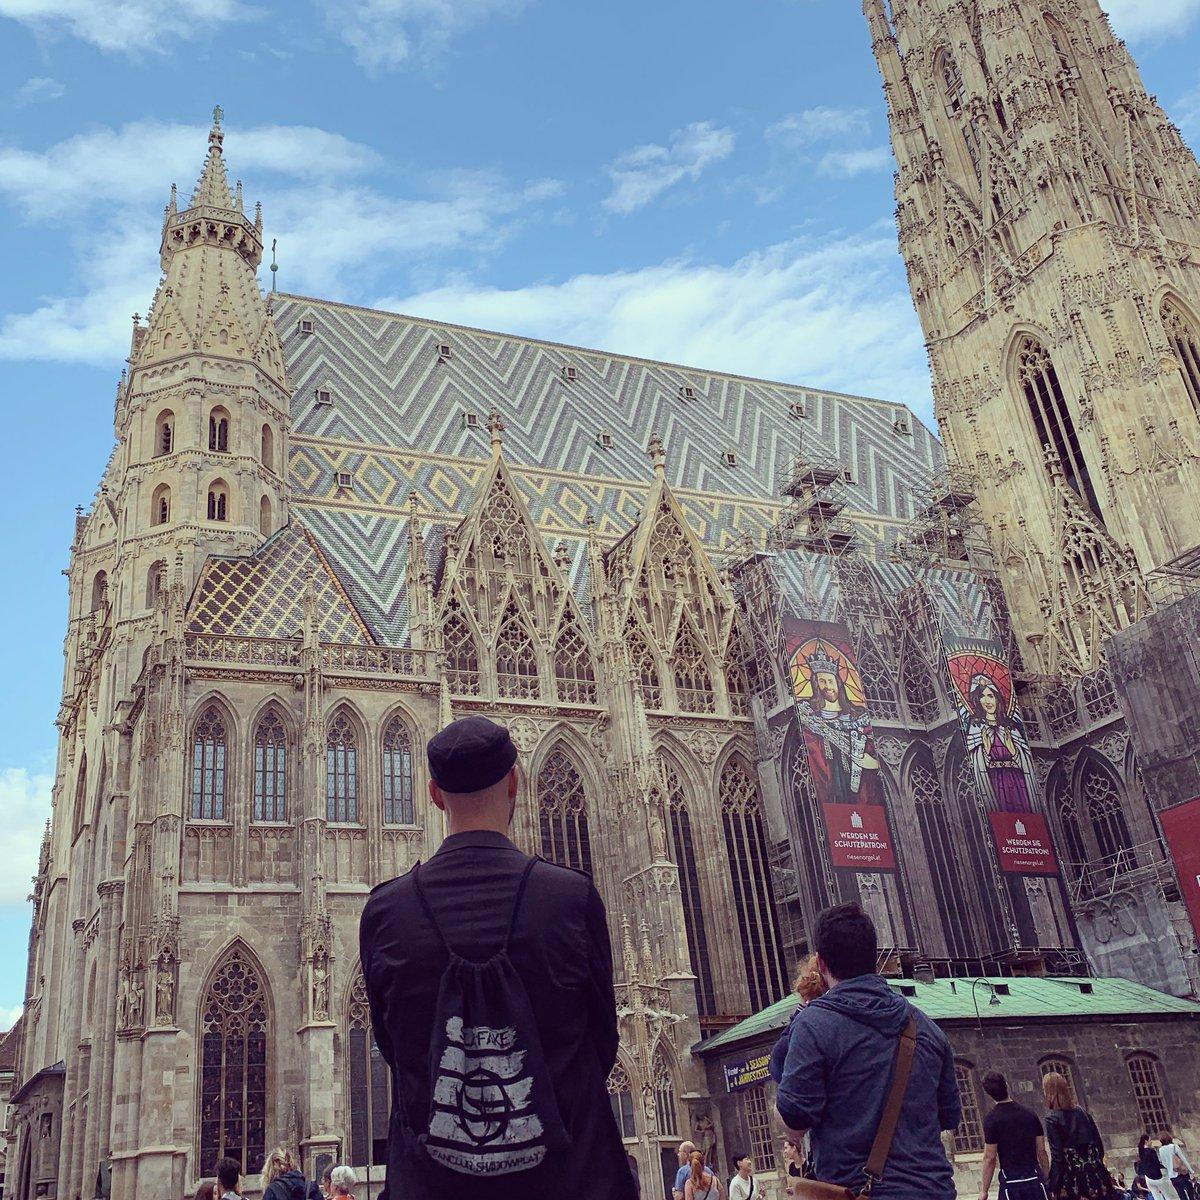 Aus der Reihe: Der Sack ist unterwegs! Shadowplay e. V. grüßt aus Wien!  Vielleicht finden wir hier gleich ein paar neue Mitglieder? Wer weiß... #shadowplay #shadowplay_ev #wien #vienna #stephansdom #solarfakeofficial #solarfake #zeraphine #zeraphinebandpic.twitter.com/FPDzSId104
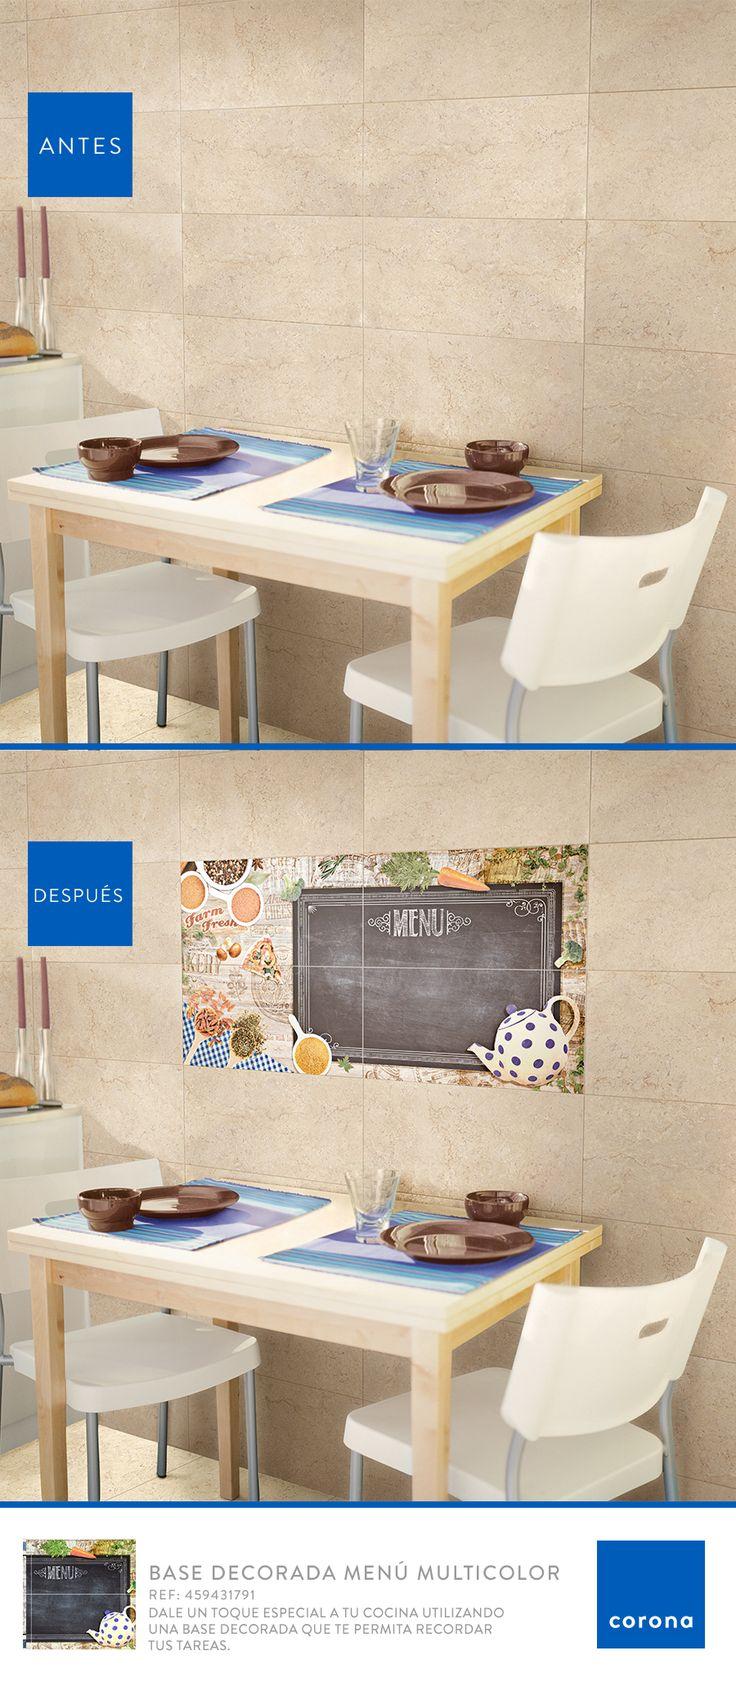 Base decoradora para cocina, perfecta para recordar tareas y pendientes. Pruébala en tu hogar.
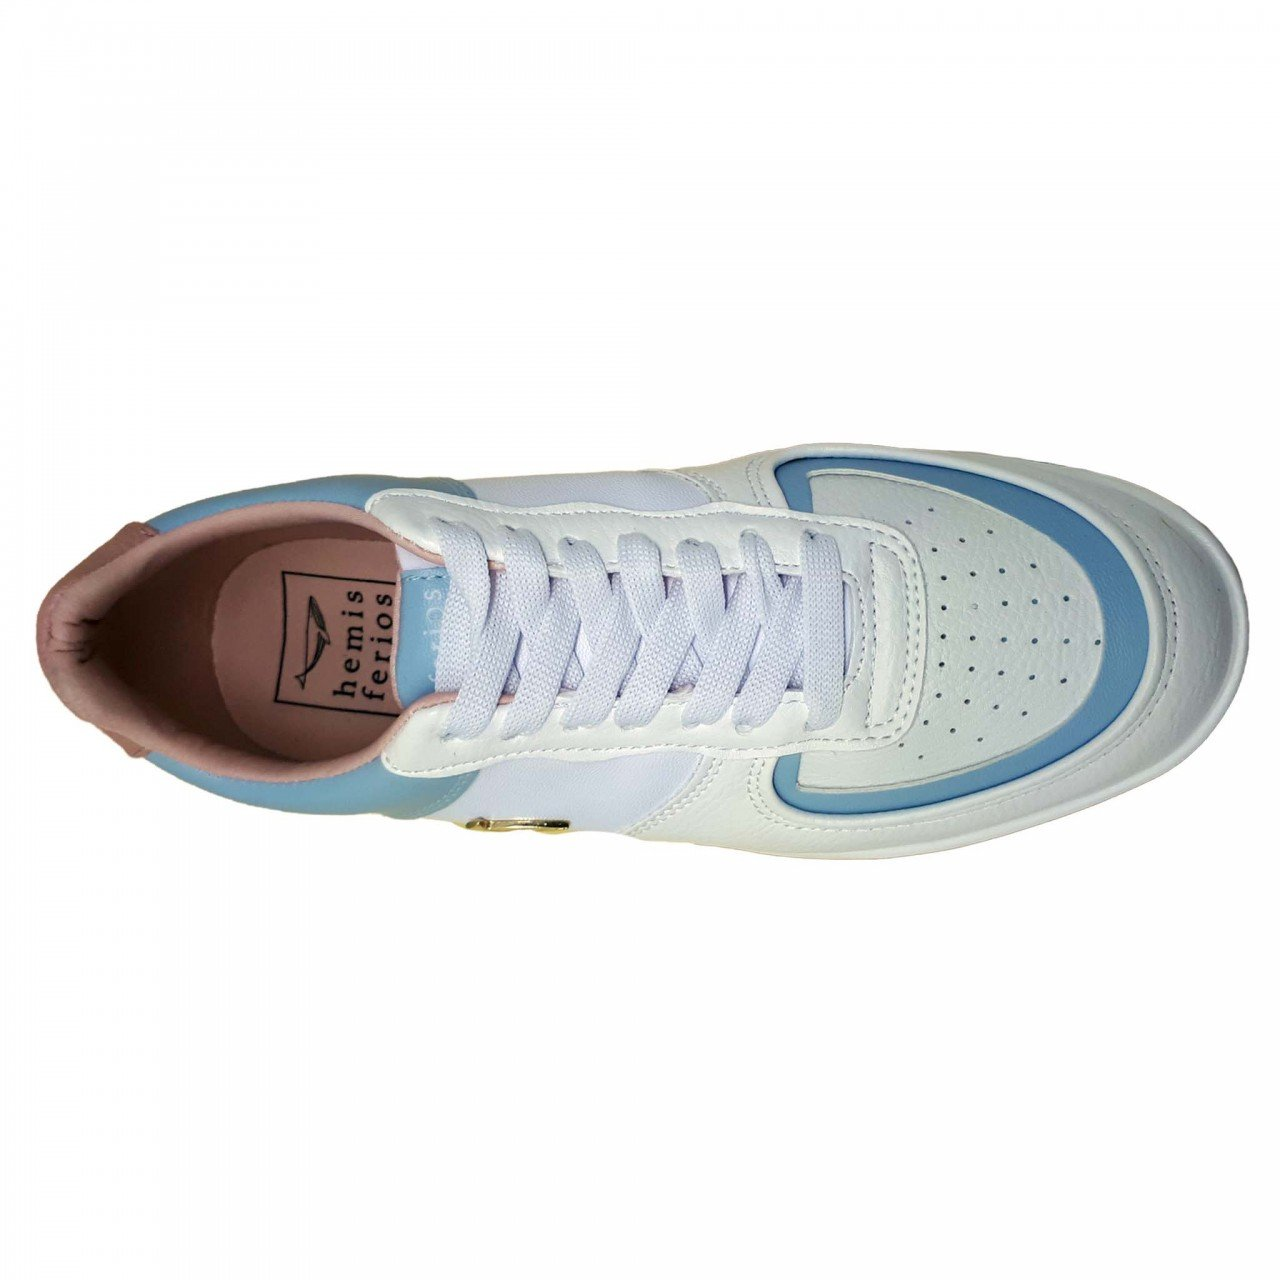 Tenis blanco con azul de plataforma para mujer Hemisferios H28207
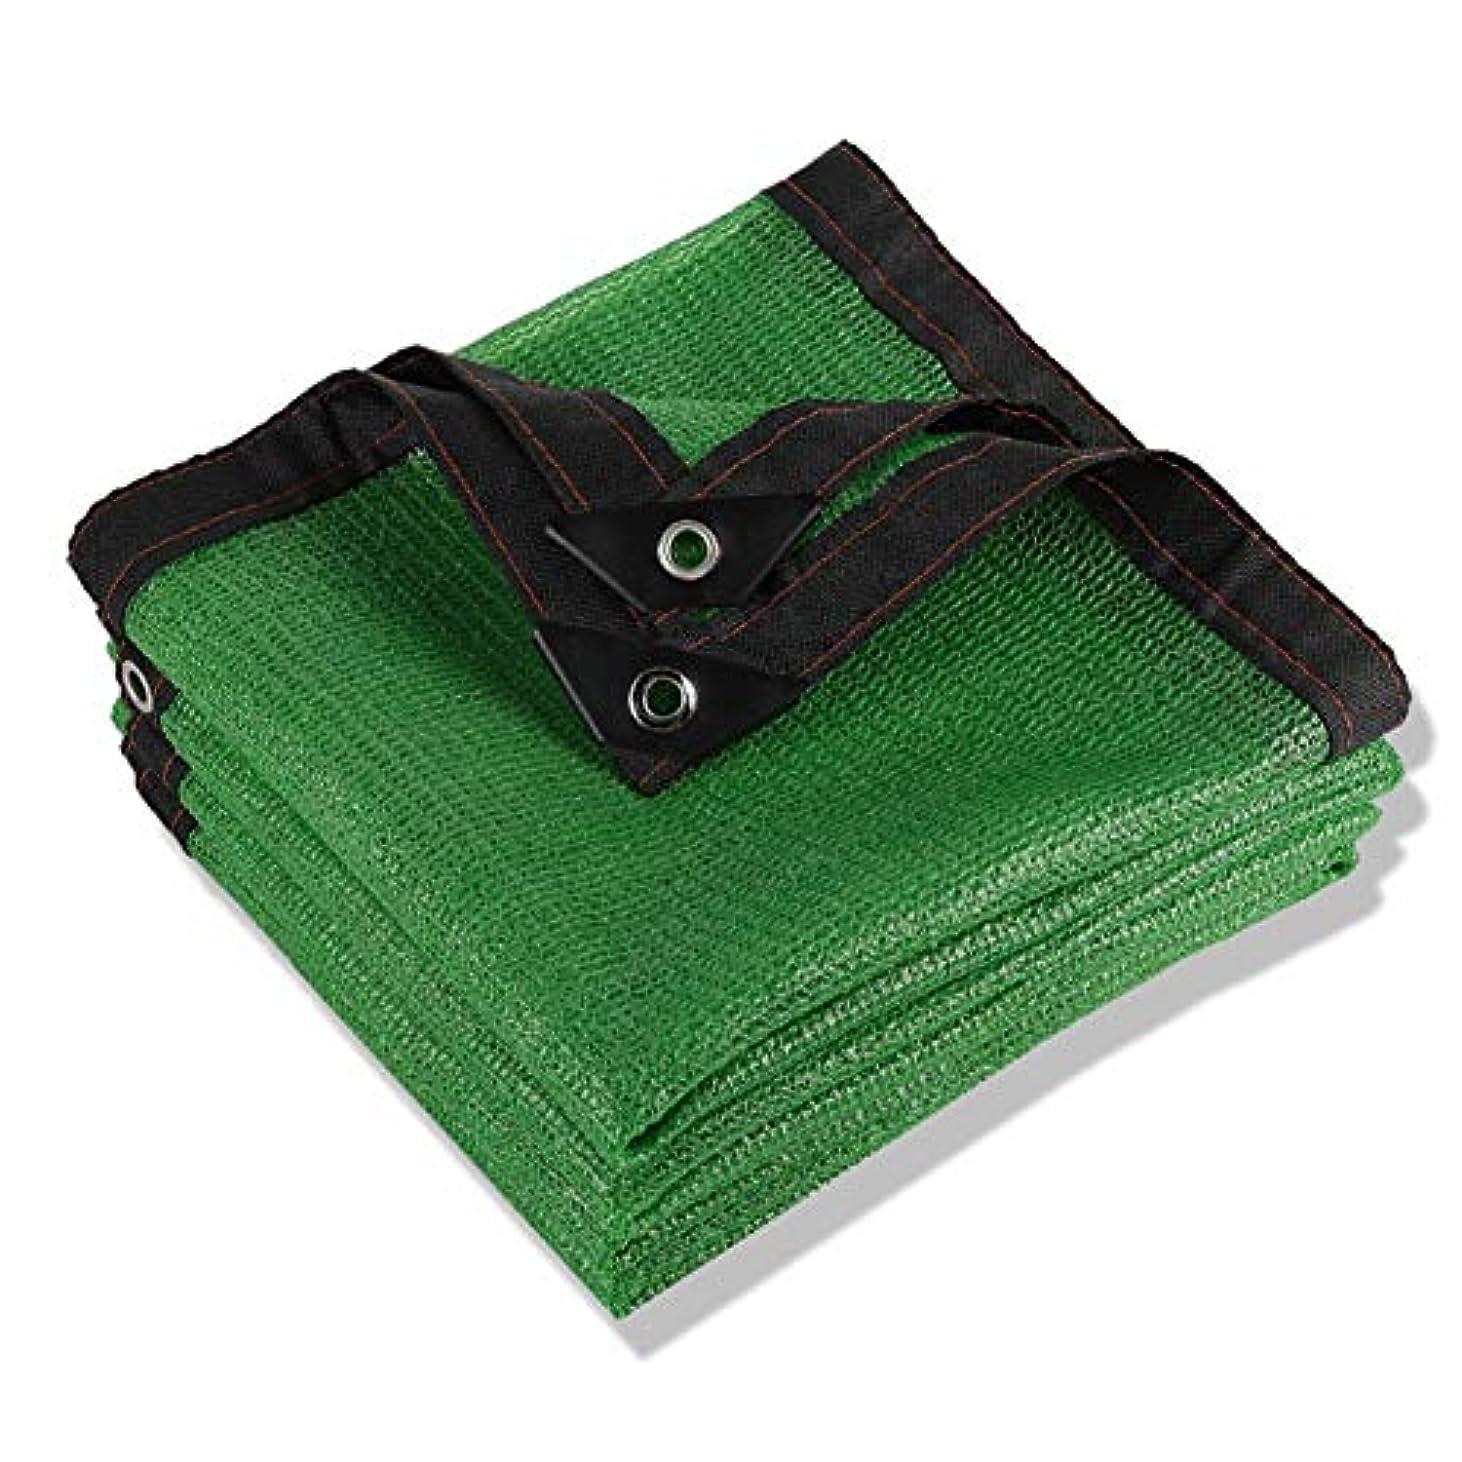 費用キャンパスソロPENGFEI オーニングシェード遮光ネット 園芸 工場 断熱材 通気性 暗号化 複数のサイズ (Color : Green, Size : 2x4m)

____

WORK ITEM: What is needed is a verbatim copy of the lines running from the one with "Base decoradora para" through the last line of the listing above, excluding any pictures.

TASK SOLUTION:
 Base decoradora para cocina, perfecta para recordar tareas y pendientes. Pruébala en tu hogar.
 Tenis blanco con azul de plataforma para mujer Hemisferios H28207
 費用キャンパスソロPENGFEI オーニングシェード遮光ネット 園芸 工場 断熱材 通気性 暗号化 複数のサイズ (Color : Green, Size : 2x4m)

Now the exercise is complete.